8Les lois de neutralité américaines de 1935, 1936 et 1937 prohibaient la vente d’armes et de fournitures militaires ainsi que l’octroi de crédits aux belligérants. Rieber effectua deux voyages en zone franquiste pendant la guerre et y rencontra Franco.
9Le chiffre de vingt-neuf pétroliers capturés, coulés ou endommagés couvre l’ensemble du conflit et ne peut être imputé en totalité aux renseignements fournis par la compagnie ; deux naufrages au moins lui sont directement rattachés.
10Le total d’environ trente-cinq mille volontaires est le plus généralement retenu, avec des fourchettes de trente-deux mille à quarante mille selon les auteurs. Attestation à consolider.
11Les dates exactes de l’arrestation et de l’exécution de Mikhaïl Koltsov restent à vérifier sur source primaire avant citation.
12Authors Take Sides on the Spanish War, Left Review, Londres, 1937. Cent quarante-huit réponses, dont cent vingt-huit favorables au gouvernement, cinq hostiles, et le solde rangé parmi les neutres.
13Les éditeurs constituèrent une catégorie de seize réponses sous un intitulé assorti d’un point d’interrogation, procédé qui en dit long sur leur embarras. La catégorie exacte dans laquelle furent rangés Aldous Huxley et Virginia Woolf reste à vérifier sur le fascicule original. Rappelons que Julian Bell, neveu de Virginia Woolf, mourut en juillet 1937 en conduisant une ambulance pour le Spanish Medical Aid.
14La réponse d’Orwell ne fut pas retenue par les éditeurs. Le jugement qu’il porta sur l’enquête est rapporté par plusieurs travaux ; sa formulation exacte reste à vérifier sur source.
15Les premières évacuations vers la France remontent à septembre 1936, par petits groupes. La première expédition officielle du 20 mars 1937 conduisit quatre cent cinquante enfants basques à Boyardville, sur l’île d’Oléron.
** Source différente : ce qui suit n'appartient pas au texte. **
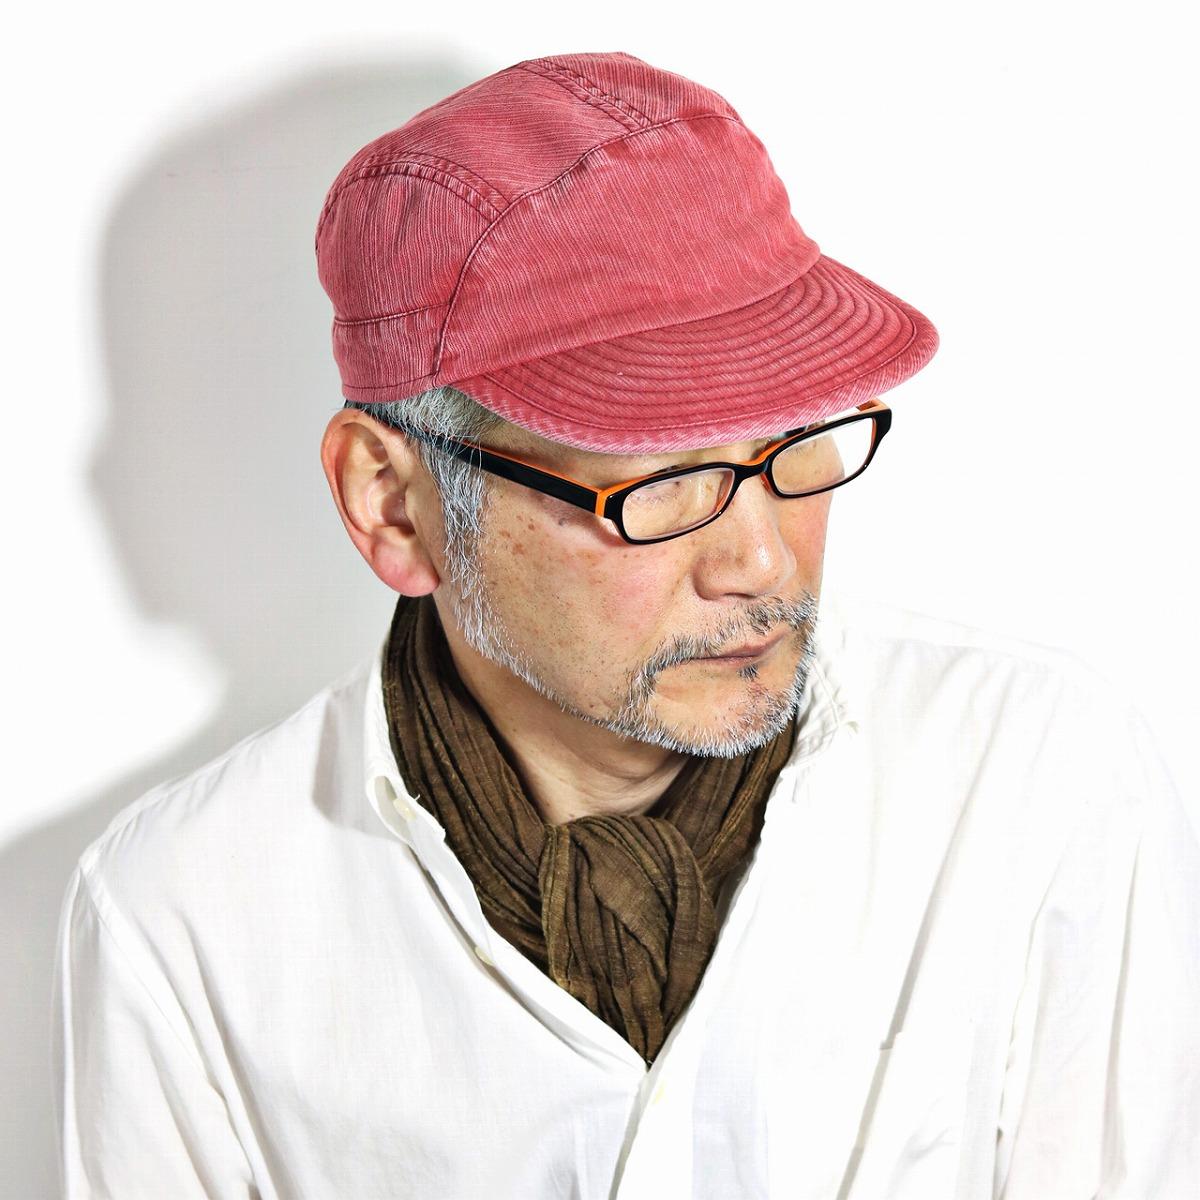 マイザー ポケッタブル ジェットキャップ UVプロテクト80 MAYSER Maik 綿100% キャップ メンズ レディース インポート 帽子 日よけ ウォッシャブル 手洗い可能 赤 レッド [ jet cap ] 父の日 ギフト プレゼント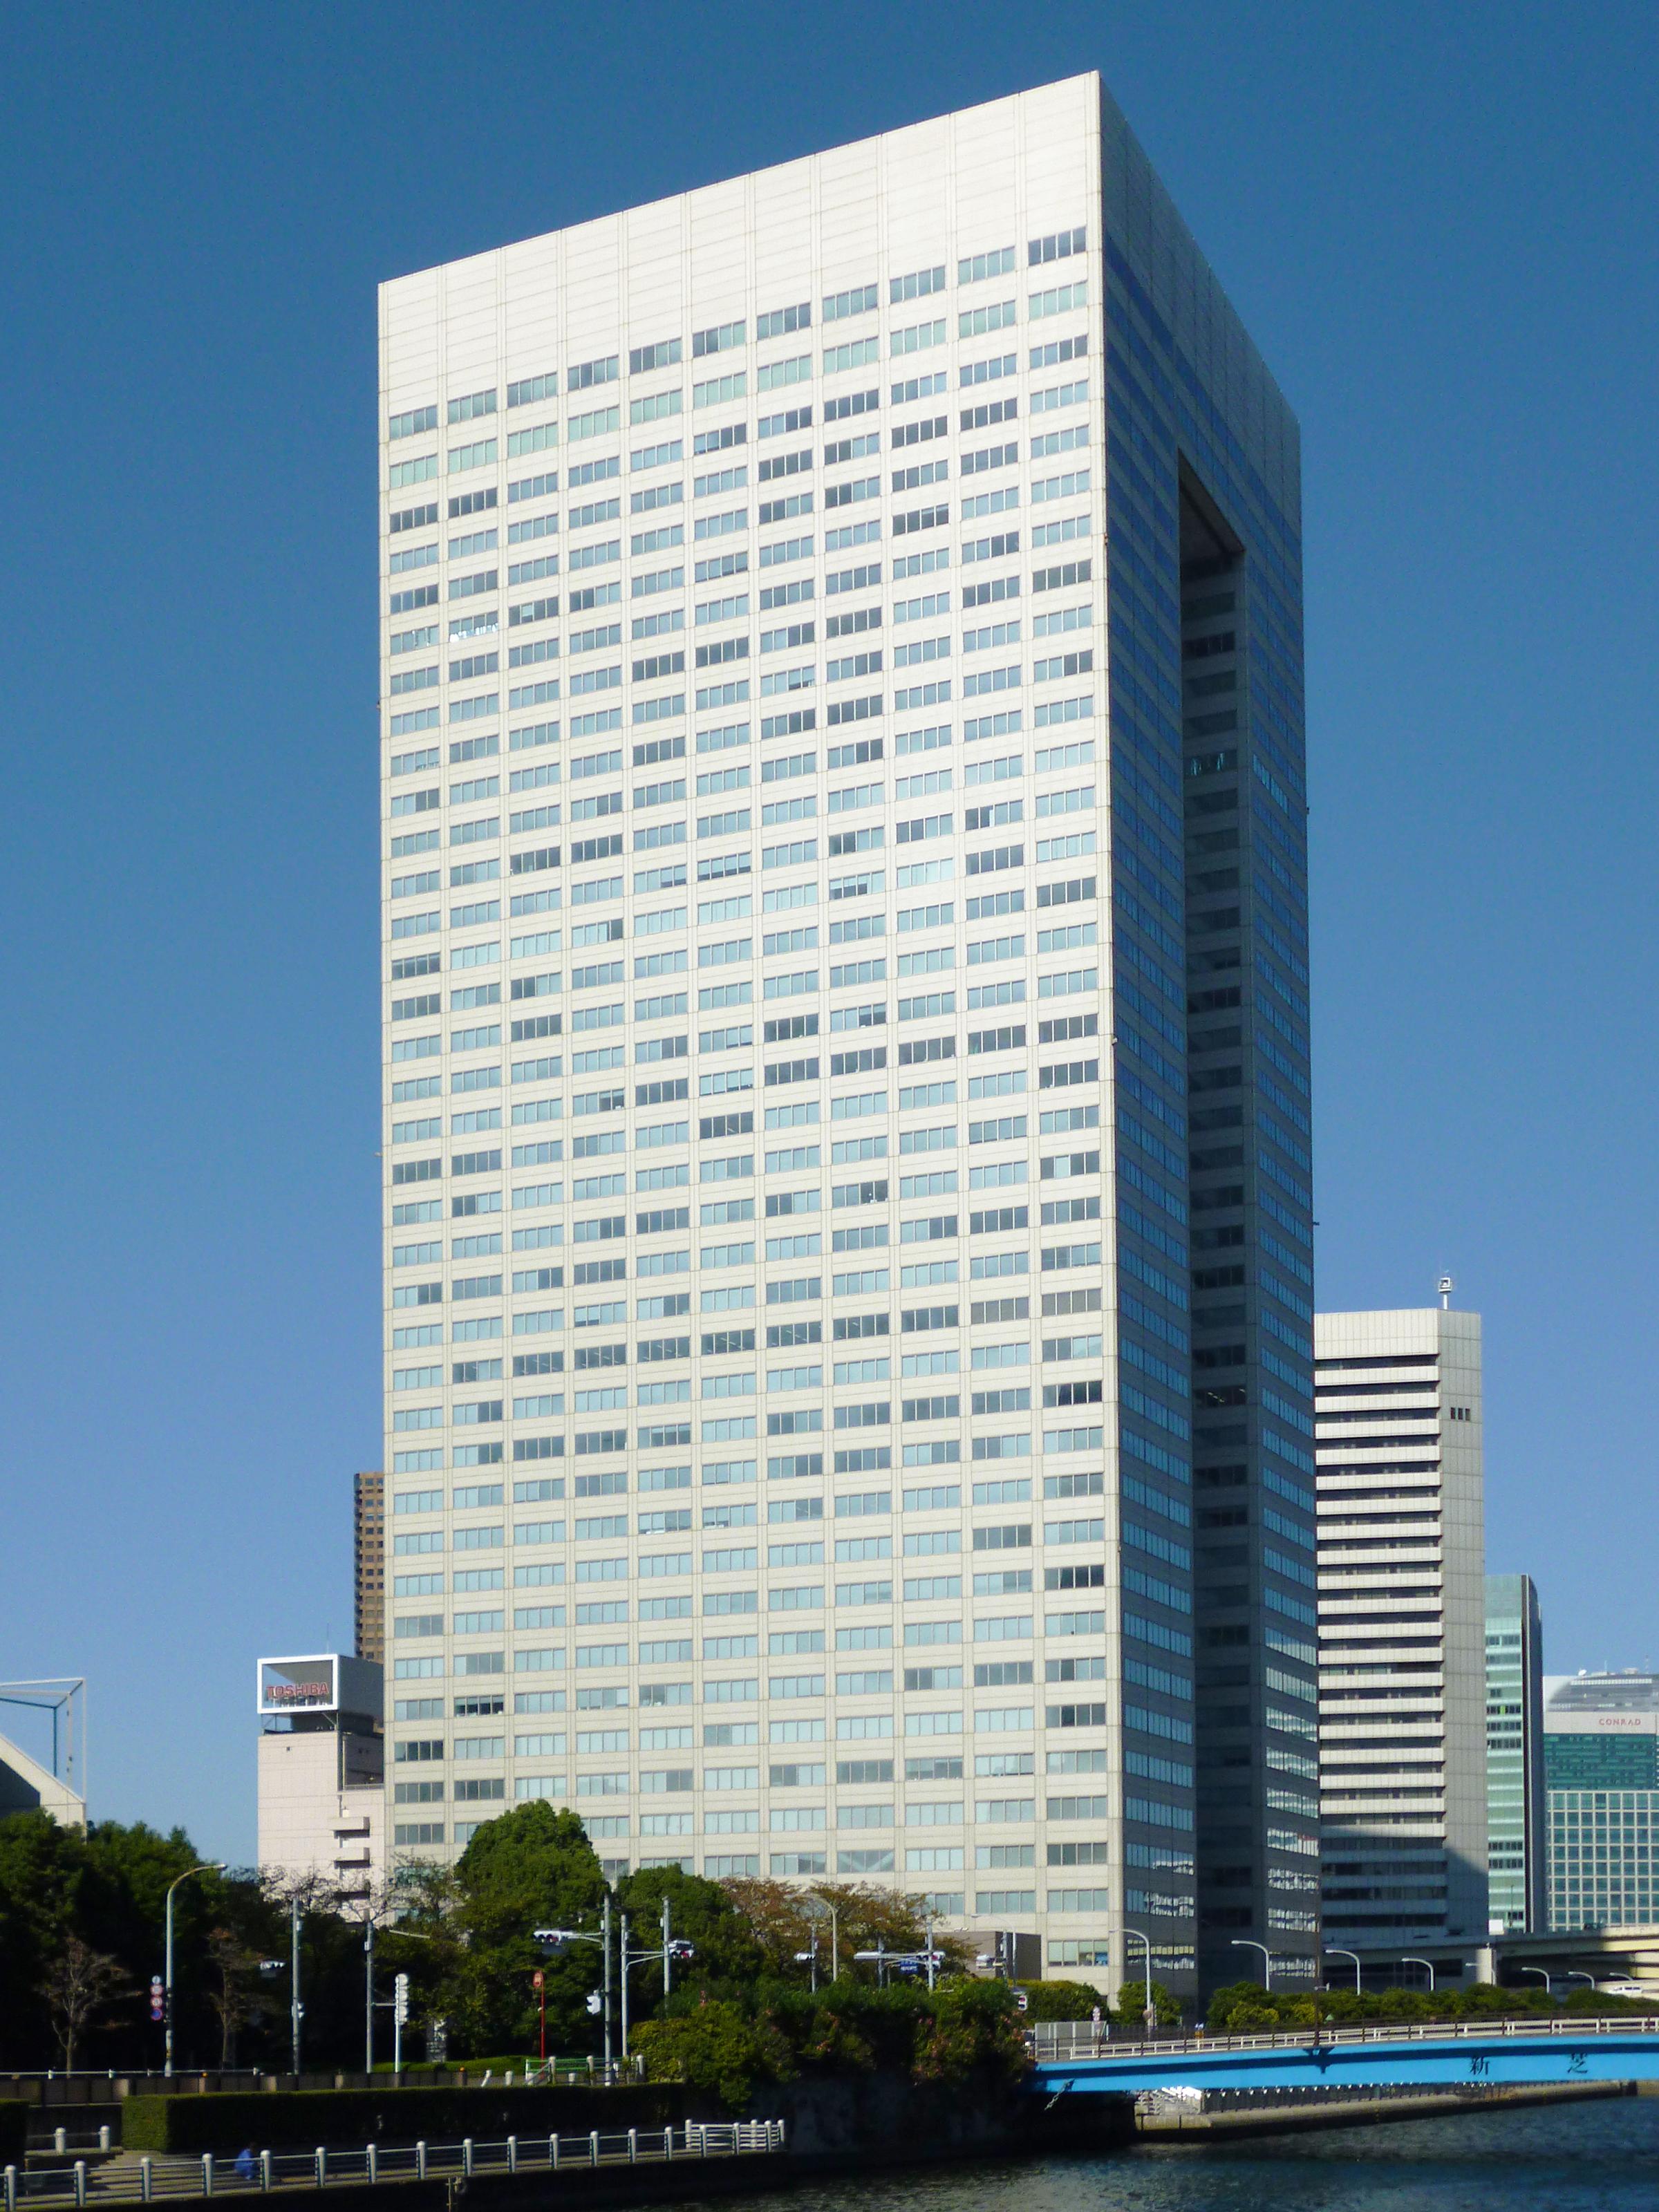 キャリア 福岡県、建設・住宅・土木の転職・求人情報を探す |

16Les chiffres de l’expédition du Habana varient : quatre mille enfants selon la presse de l’époque, trois mille neuf cent cinquante-six selon le décompte de l’Assistance sociale basque d’avril 1938 pour l’ensemble du Royaume-Uni.
17Décompte de l’Assistance sociale basque, avril 1938 : trente-sept mille neuf cent trente enfants basques évacués, dont vingt-deux mille deux cent trente-quatre en France, six mille deux cents en Catalogne, trois mille neuf cent cinquante-six au Royaume-Uni, trois mille deux cent un en Belgique et mille huit cent quatre-vingt-neuf en Union soviétique. Les autres totaux disponibles diffèrent sensiblement et doivent être présentés comme des estimations.
18L’Office central d’évacuation et d’assistance aux réfugiés fut créé en février 1937 et dissous en 1938. Pour les fonds documentaires, voir à l’Archivo General de la Administración la série du Servicio de Repatriación de Menores, IDD (09)017.022.